What to produce = Write out the data word for word, taking care that no picture is carried over.

Raw data =
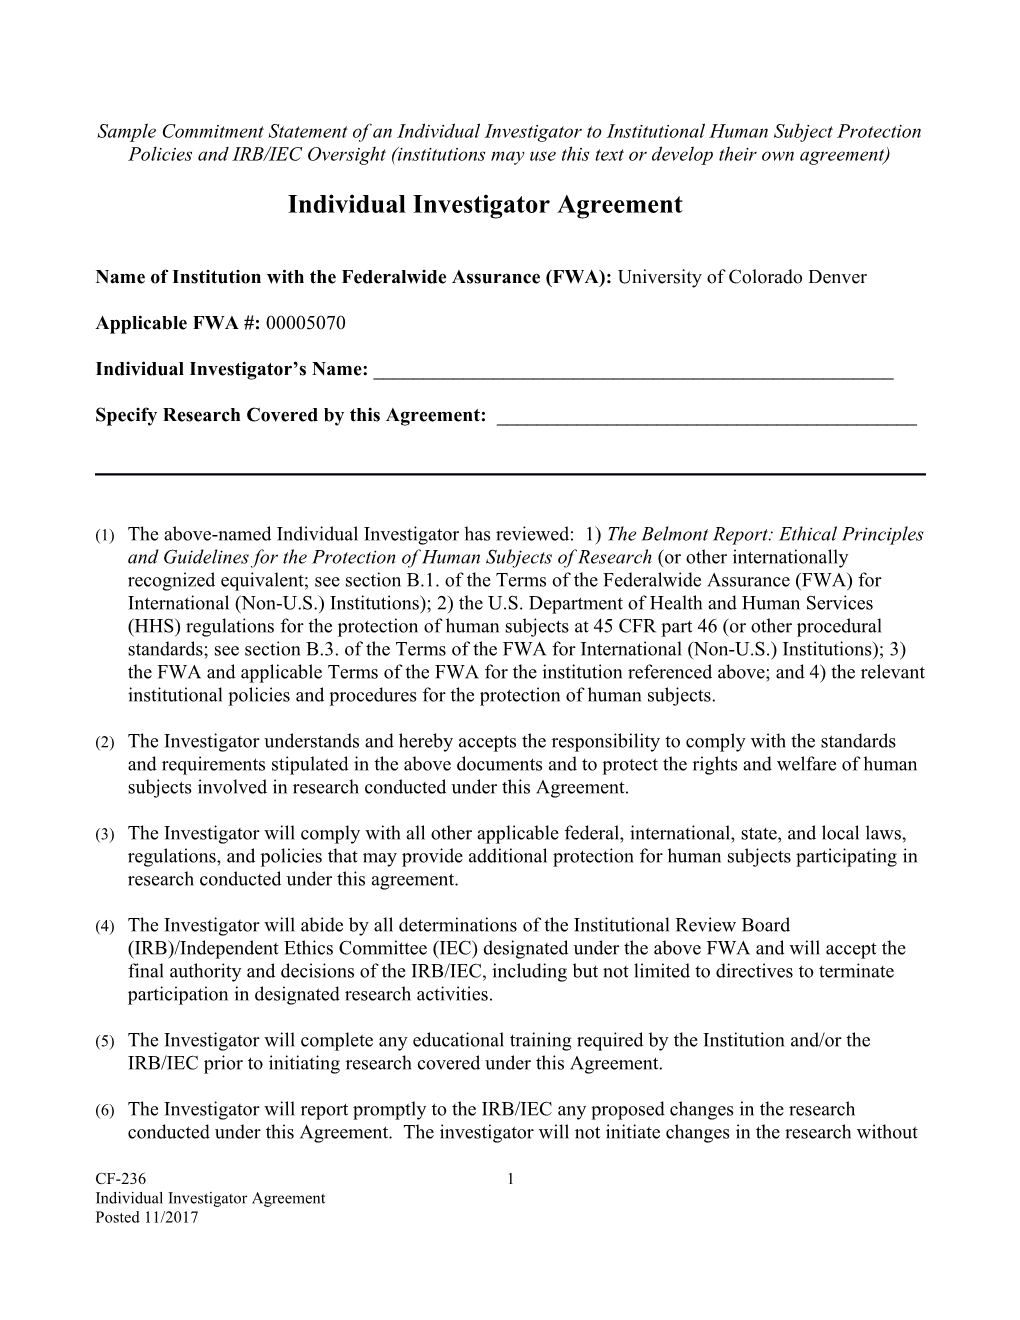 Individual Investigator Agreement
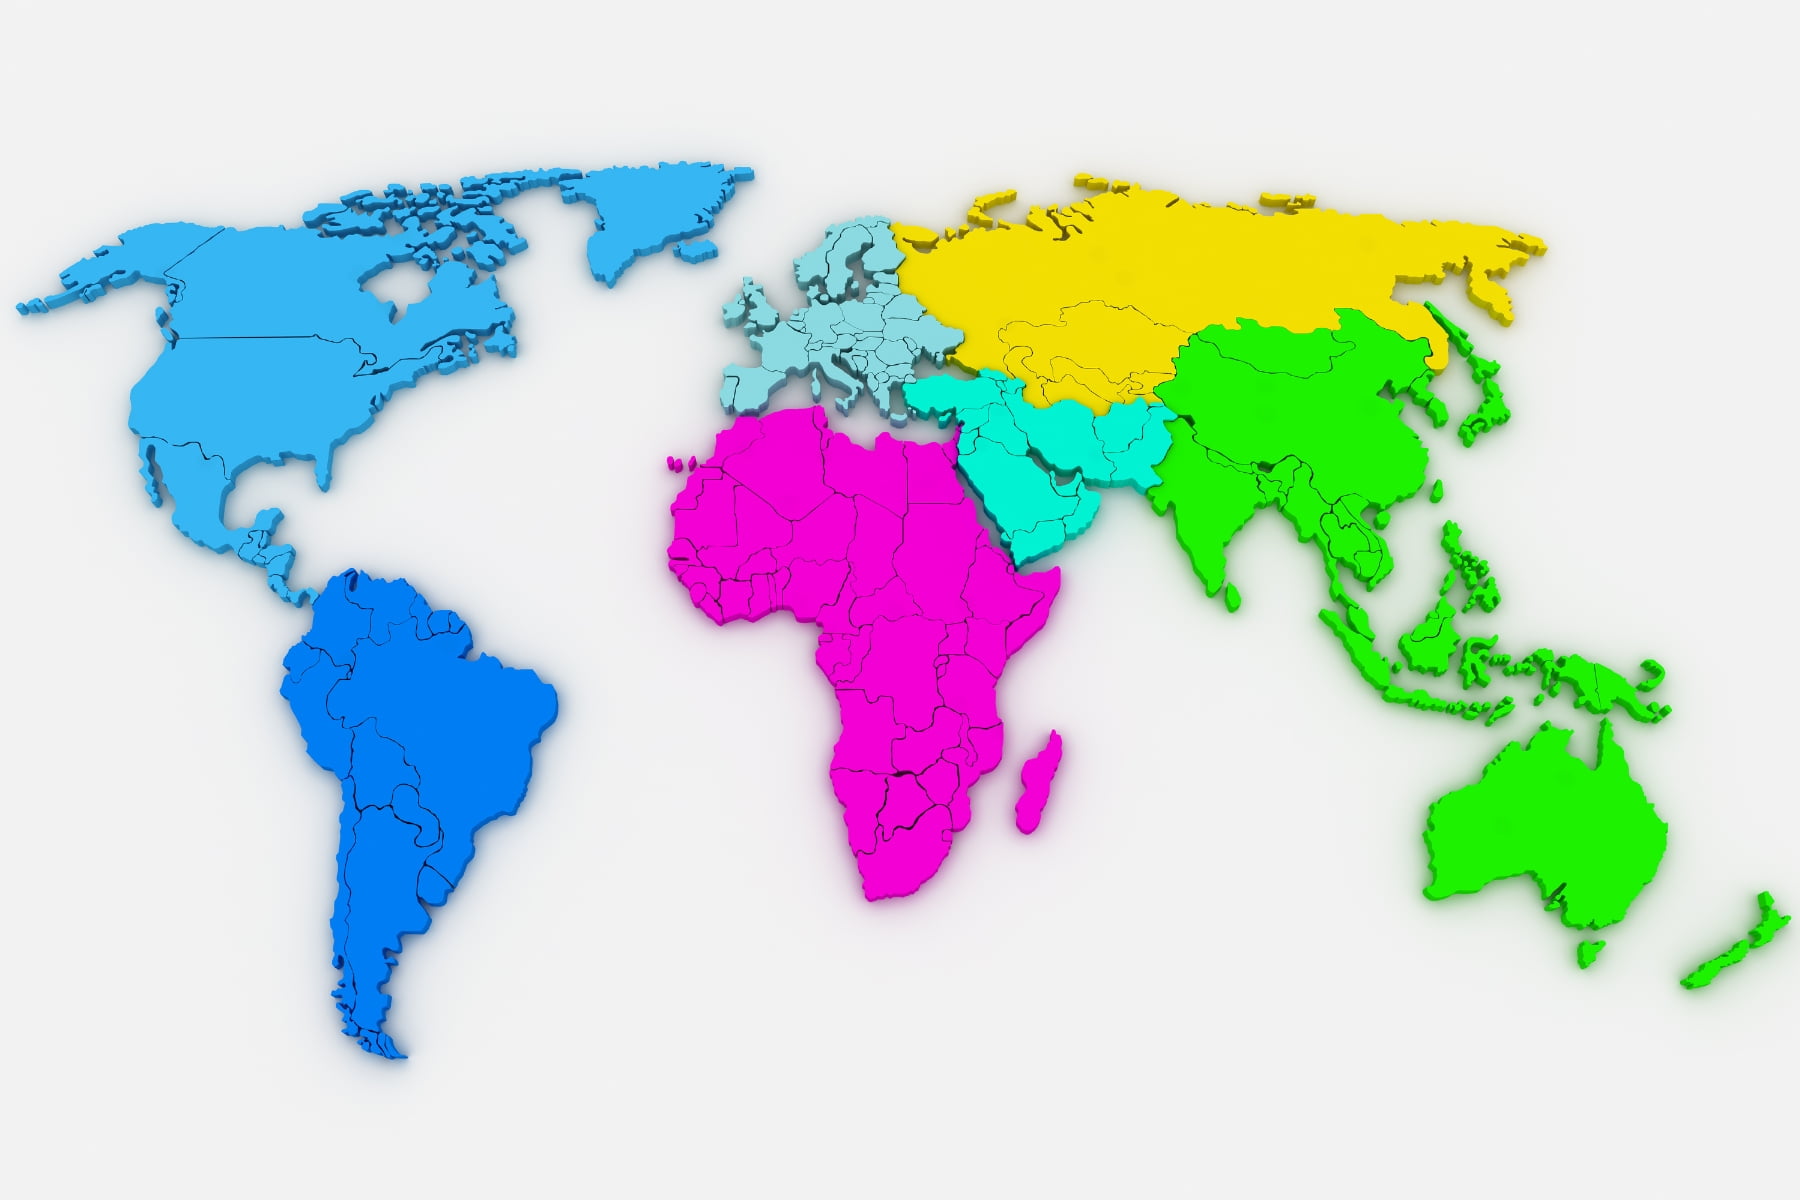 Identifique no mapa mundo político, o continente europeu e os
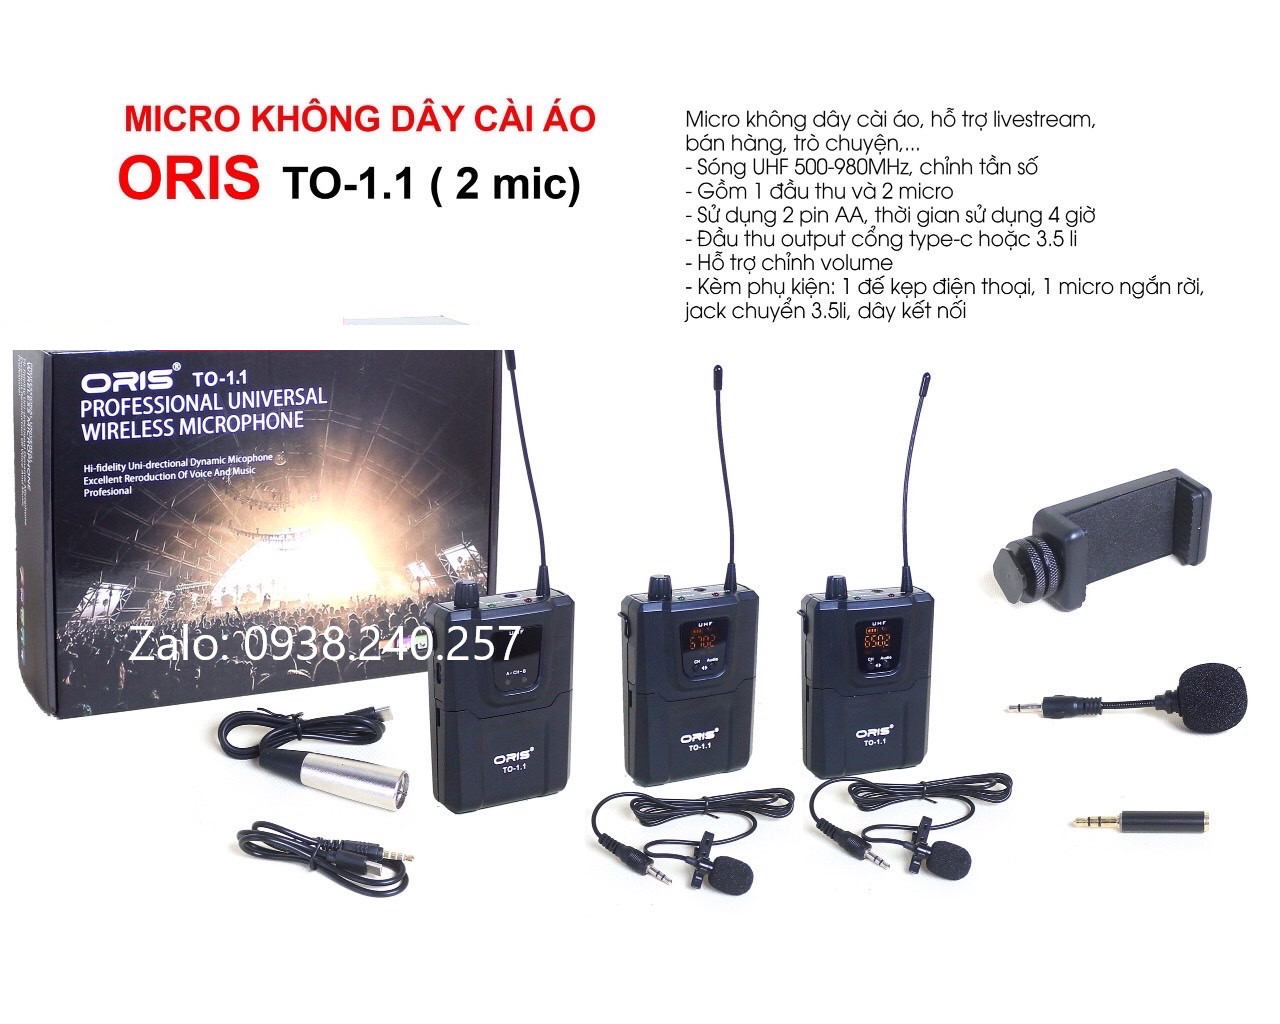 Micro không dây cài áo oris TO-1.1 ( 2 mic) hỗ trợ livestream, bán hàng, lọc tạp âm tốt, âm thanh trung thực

Solved exercise =
 Individual Investigator Agreement
 Identifique no mapa mundo político, o continente europeu e os
 Micro không dây cài áo oris TO-1.1 ( 2 mic) hỗ trợ livestream, bán hàng, lọc tạp âm tốt, âm thanh trung thực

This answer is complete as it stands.